I am not an astute forecaster or even commentator of fundamental events and developments - as I also like to think the next major move in the JPY cross pairs will prominently be a technical one i.e. a sudden rearrangement of supply and demand would be triggered mainly as a result of overstretched conditions that have grown embedded in the price itself.
If I early last month were to think of 'fundamental' surprises possibly underway, though, I could primarily think of two: Japan hiking interest rates during December, and / or China revaluing the Yuan ahead of the pre-scheduled, December 14th - 15th visit of U.S. Treasury Secretary Henry Paulson and Federal Reserve Chairman Ben Bernanke in Beijing.
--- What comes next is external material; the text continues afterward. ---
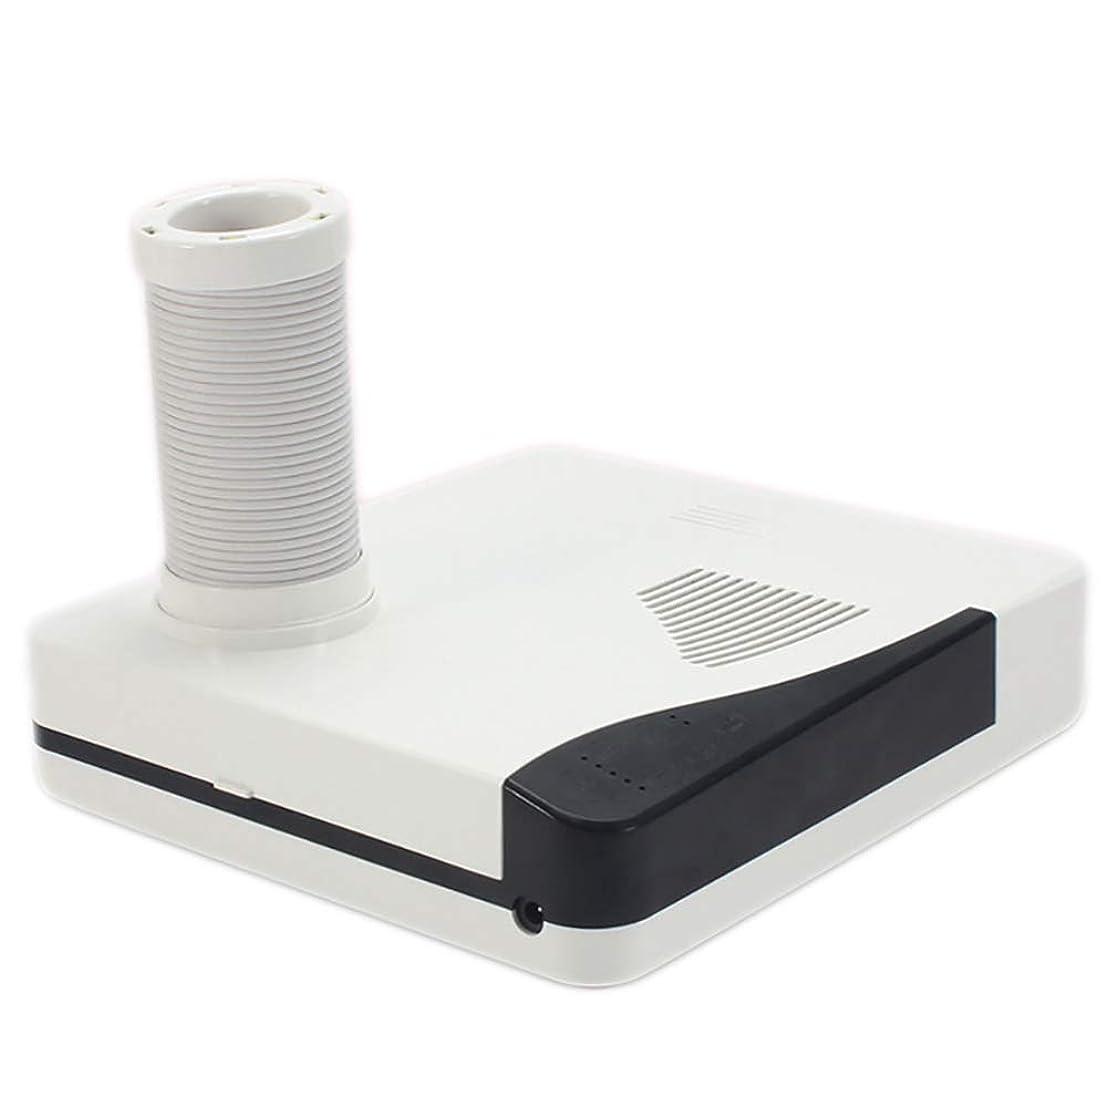 交流する速度未来1つの釘機械に付き4つ、多機能の釘の芸術装置、家のマニキュア用具のための電気スタンドが付いている釘のファイルドリルの釘の集じん器の掃除機機械、

Latest weeks, however, have come to reinforce that the ways in which I observe and stand prepared to deal in the highly liquid currency markets remain mainly technical. None of my recent 'fundamental' hunches proved right - as China did not revalue the Yuan, and the Bank of Japan eventually decided to leave interest rates unchanged despite some intriguing chattering several central bank officials had promoted beforehand; still, each and every time I as of late advised myself against placing an early bet on the Japanese Yen, my reasons were all of a technical nature.
Ultimately, my decision to sell short a Japanese Yen cross pair will still be mainly a technical one. There should be no 'fundamentals' decisively triggering a positioning engagement unless a certain price configuration and proper terms of risk present themselves. But that basic positioning premise certainly does not stop me from spotting anomalies and virtual elements of surprise within the 'fundamental' background as well - on terms of my own perception, of course.
Reuters utilizing these days the attribute 'low-yielding' with regard to the Japanese Yen - a 'fundamental' stigma more often than not associated with maturing trends and an overextending market environment - is the financial media's ultimate acknowledgment of the 'obvious'.
But according to another, far wiser and more successful Eastern-European, money in the markets is made by discounting the obvious and betting on the unexpected.